- **Work to be completed**
Transcribe the listing exactly; drop the images.

- **Dataset excerpt**
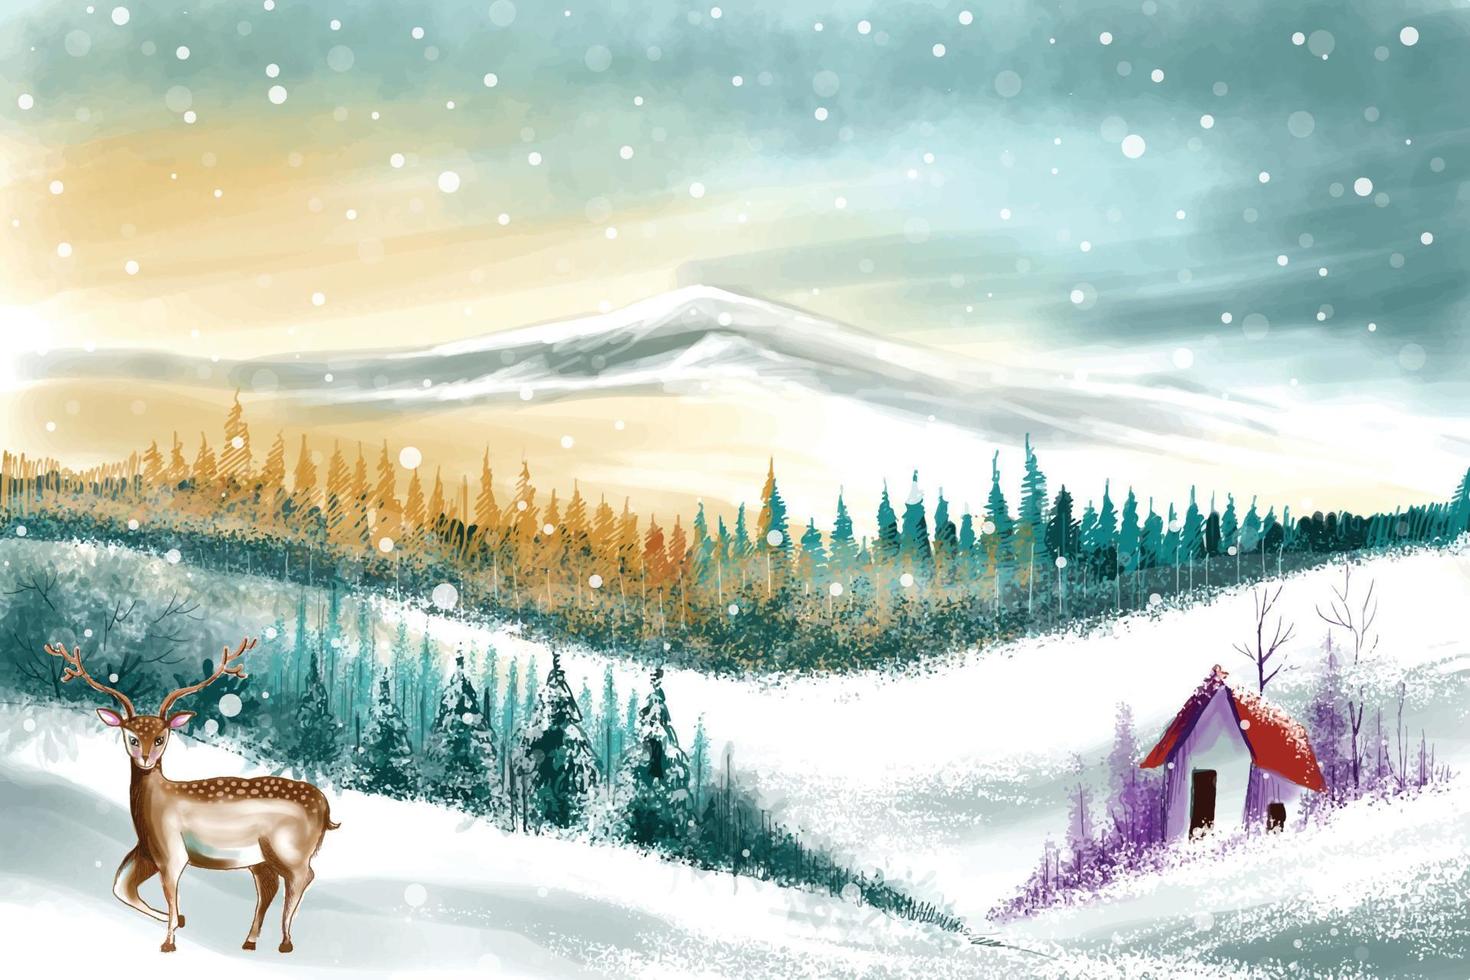 landschaft für winter- und neujahrsferien weihnachtskartenhintergrund vektor
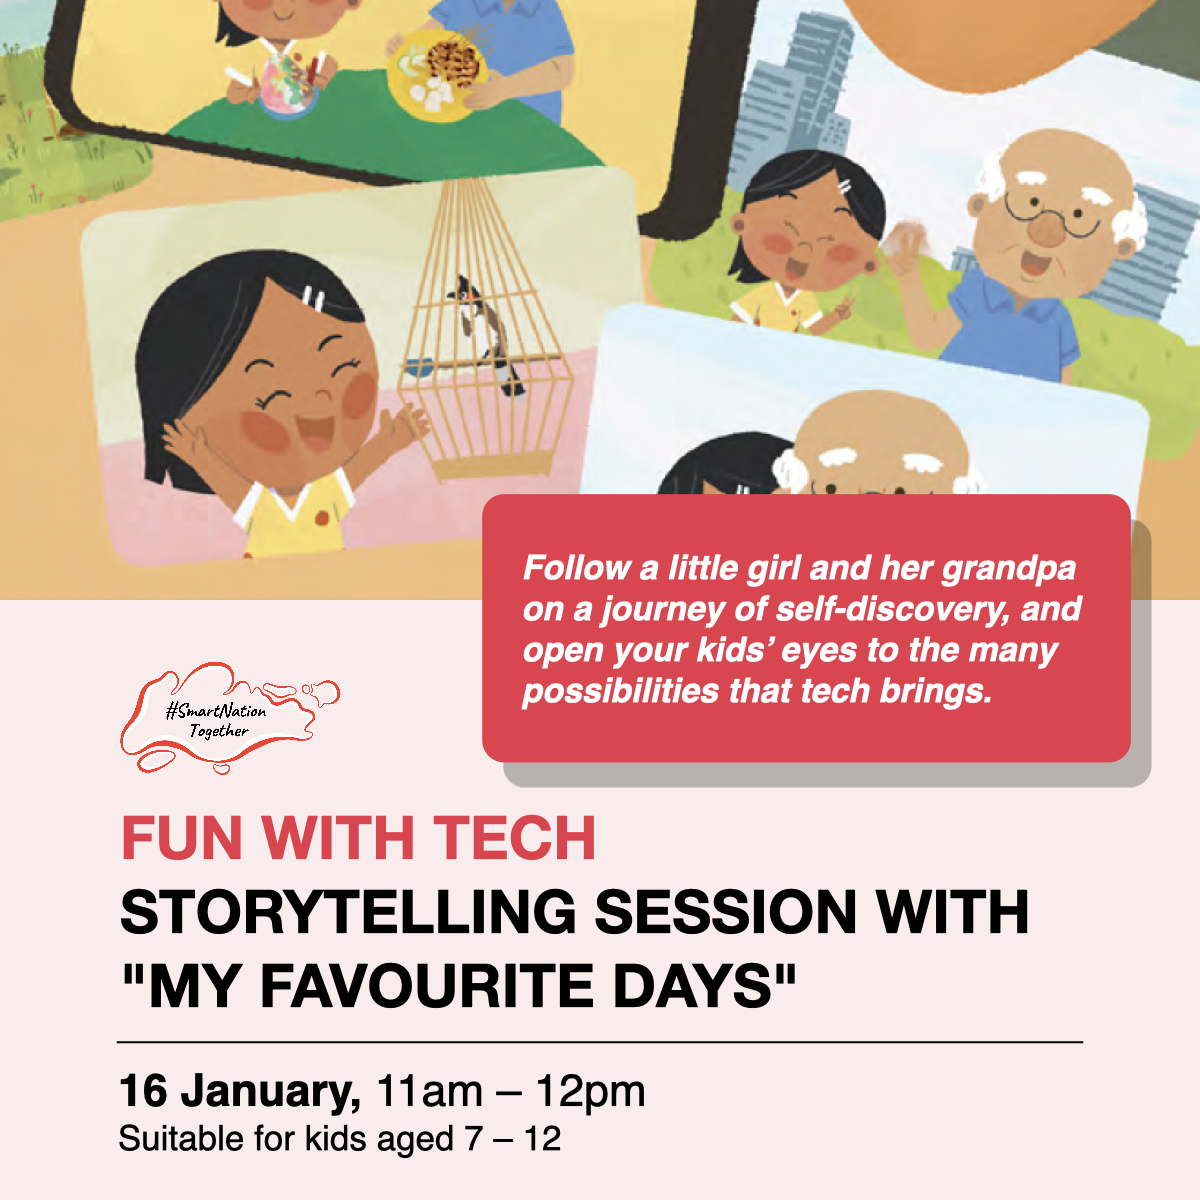 Storytelling session for kids
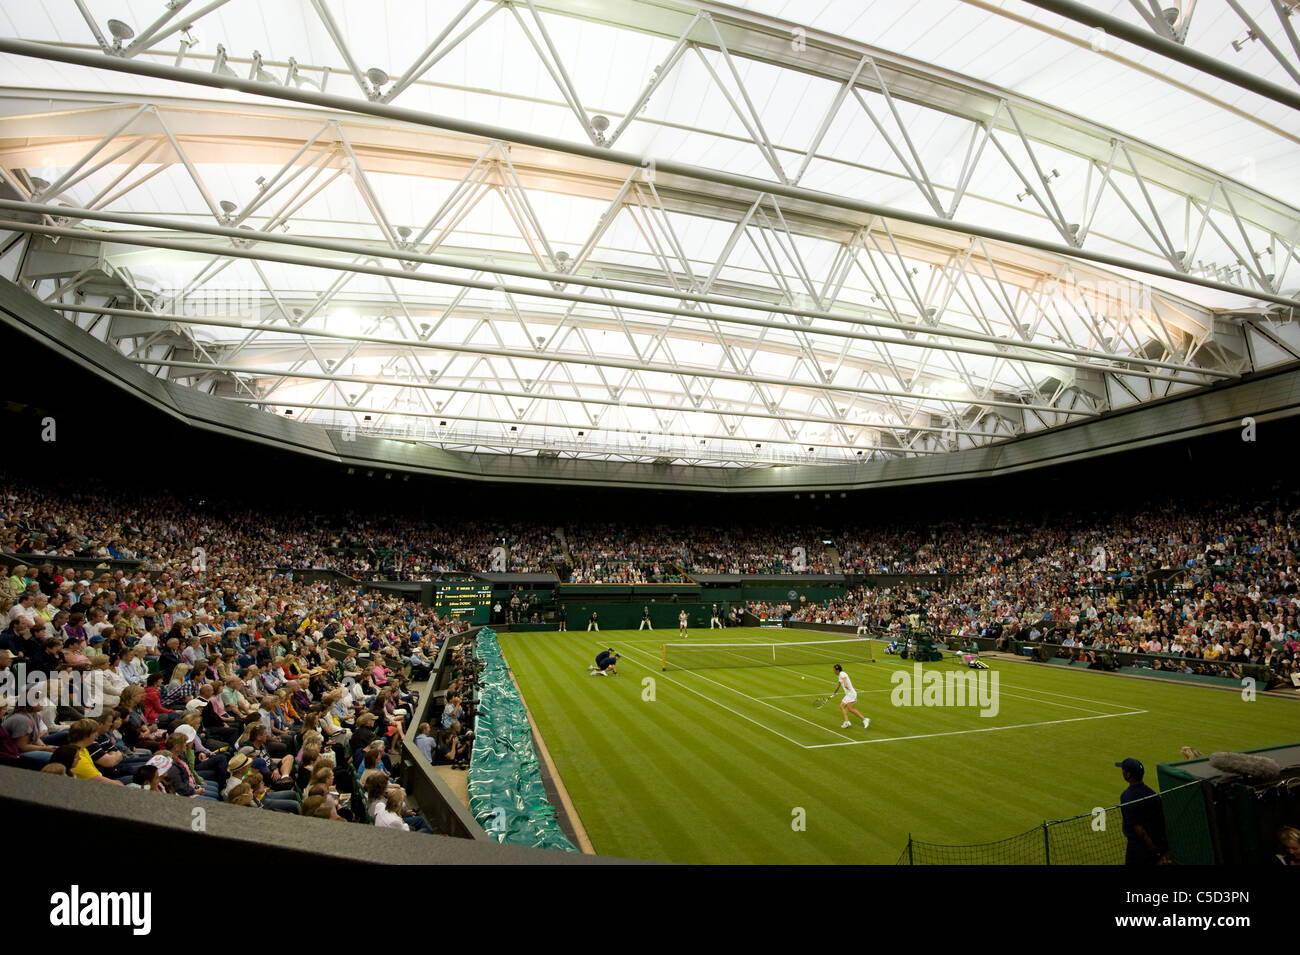 Vue de jouer sur le Court central sous le toit lors de l'édition 2011 des Championnats de tennis de Wimbledon Banque D'Images

- **Answer section**
 landschaft für winter- und neujahrsferien weihnachtskartenhintergrund vektor
 Storytelling session for kids
 Vue de jouer sur le Court central sous le toit lors de l'édition 2011 des Championnats de tennis de Wimbledon Banque D'Images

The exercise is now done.